Further, there’s no explanation in the treatment notes for this billing practice; no evidence the affected procedures were actually performed at separate and distinct times; no indication the PT network company reviewed the treating provider’s notes prior to upcoding.  No documentation, no record, no history.

It appears that the intermediary was adding the 59 modifier as an automated system edit without reviewing the treatment notes. Without putting too fine a point on this, the systemic upcoding has resulted in higher costs for payers, along with significantly exaggerated savings as the bills show higher billed charges.

Perhaps there is a perfectly reasonable explanation for this, however I’ve not heard one to date.  And the coding experts I’ve spoken with can’t seem to come up with one either.

Let me be clear – this is specific to the use – appropriate, inappropriate, or questionable – of the 59 modifier, and only the 59 modifier. Ongoing research has not turned up other billing-related issues.

What does this mean for you?

You need to ask your billing folks to review their PT billing data to determine if:

  • You’ve been paying too much for PT

  • You have made decisions on PT vendors based on inaccurate information

  • Your employer clients have been billed for too much PT, and paid too much for managed care services.

How will you know if this is a problem?
Look at bills processed between 2009 and 2014 –

  • If more than 20 percent of lines on your PT bills have the 59 modifier, you MAY have a problem.
  • If more than 40 percent of the lines on your PT bills have this modifier, you DO have a problem.
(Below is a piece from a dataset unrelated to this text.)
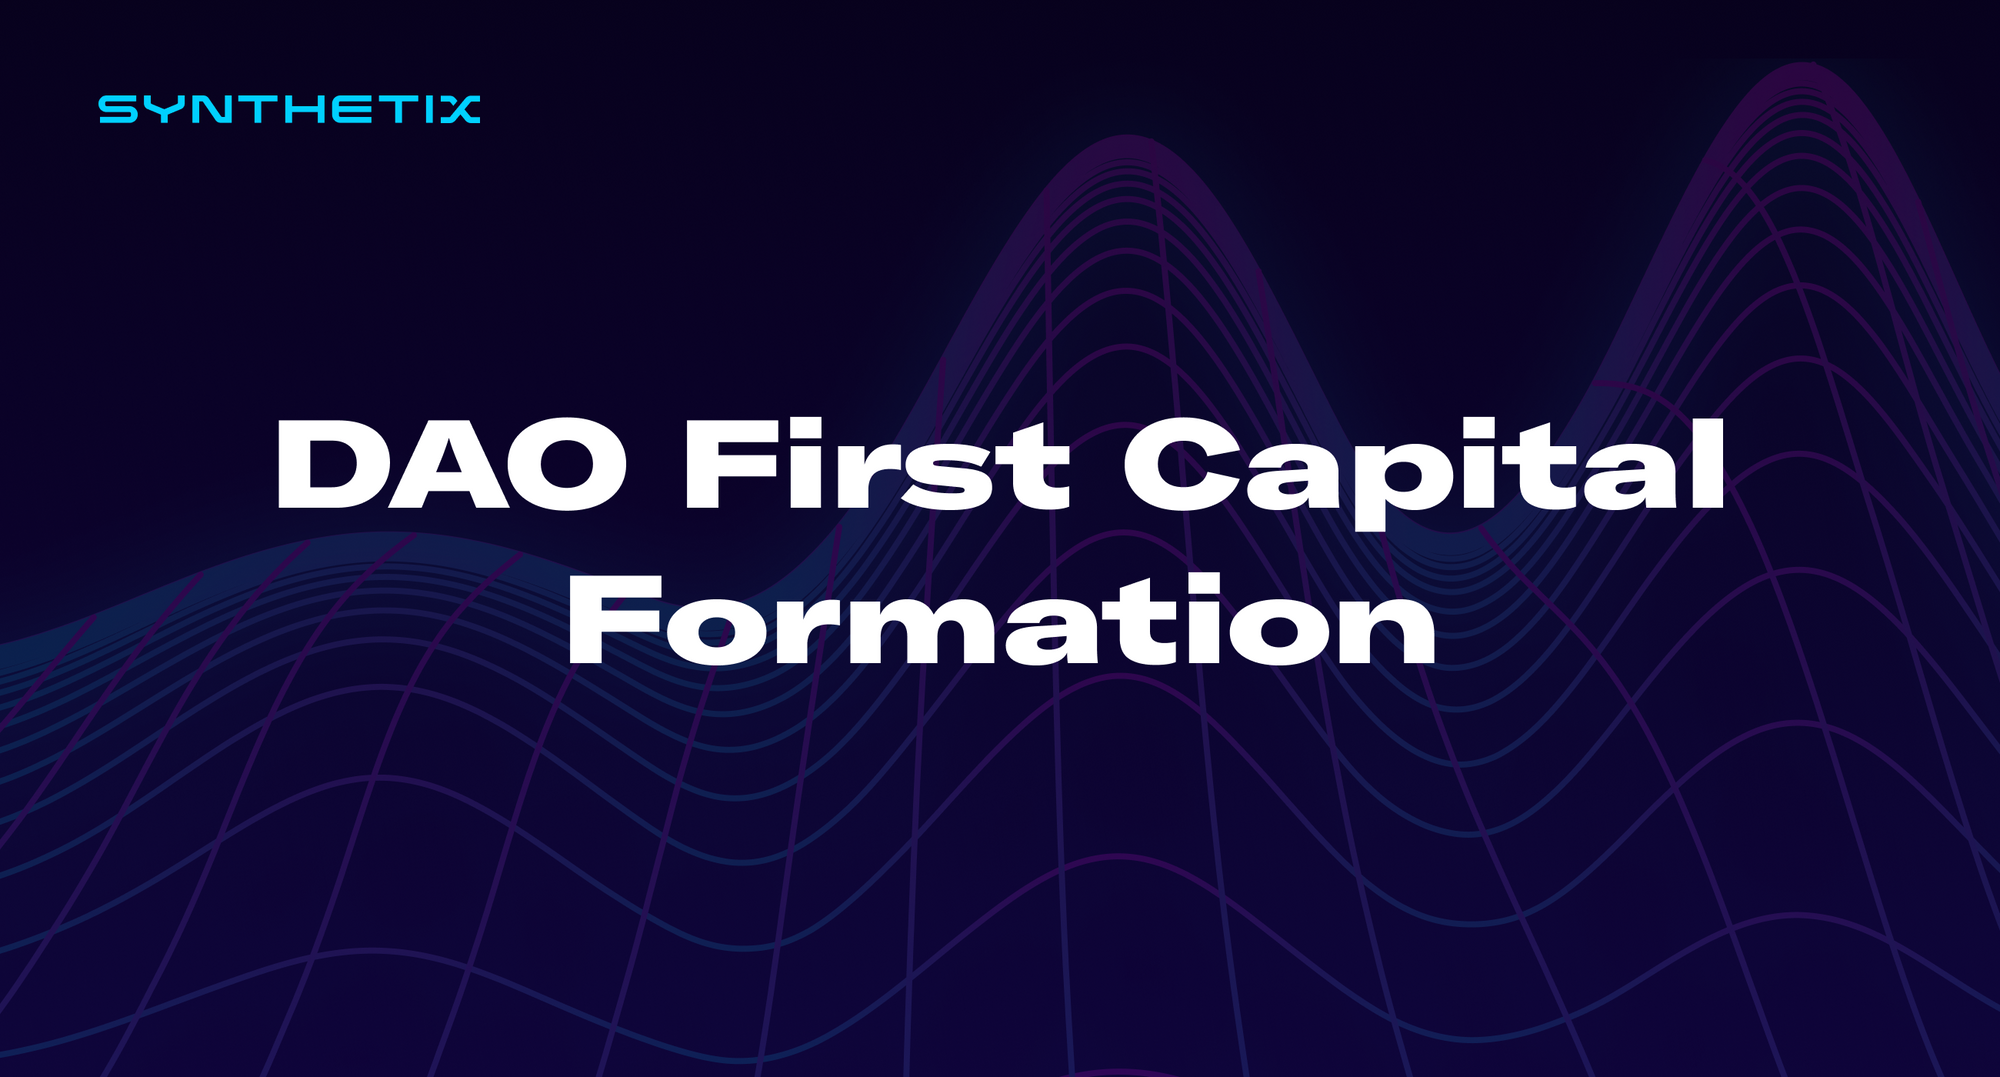 DAO First Capital Formation

What do you do if you think you’ve got a problem?

  • Ask your PT network/billing intermediary to explain, and require them to show why they are adding the modifier and how they are justifying doing this without reviewing the treating provider’s bills.

That will be a very interesting conversation…

Delivery systems and workers’ comp

There’s been quite a bit of focus on alternate health care delivery methods of late, with medical homes and Accountable Care Organizations prominently noted as ways care will be improved and costs reduced.  One source indicates there are 270 ACOs currently operating with an estimated 20 million members.

While the early evidence is somewhat mixed, in general the news is positive; a Pennsylvania ACO raised quality, and decreased infections and readmission rates, leading to a year over year decrease in medical costs.  Generally, ACOs involve facilities and providers agreeing to focus on specific quality measures and reward performance instead of paying on a fee for service basis.  In PA:

Half of hospitals and physicians’ potential earnings are based on their performance improvement in hospital-acquired infections, patient experience, readmissions, surgical care, and treatment for heart attacks, heart failure and pneumonia. The other half of the earnings are based on the providers’ ability to manage costs across inpatient care, outpatient care, ancillary care, home health services and prescription drugs.

There are problems inherent in the model; patient satisfaction is a tough metric to achieve when ER patients only want narcotics for their pain, while readmission rates are going to be higher when patients refuse to be responsible for post-discharge care. Our daughter works in an inner-city ER and this is all too common; patients KNOW these are key criteria and tell care givers they will downscore them if they don’t get their meds.

Nonetheless, it’s a far better financial model than fee for service as it doesn’t incent more care and higher intensity care.

Notably, it’s hard to find any evidence of ACOs in work comp.  I’d be most grateful if readers could point me to any reports or information related to alternative delivery systems in WC; while there are some bundled payment models, and a couple episode-of-care pilots I’m aware of, there’s just not much going on as far as I can see.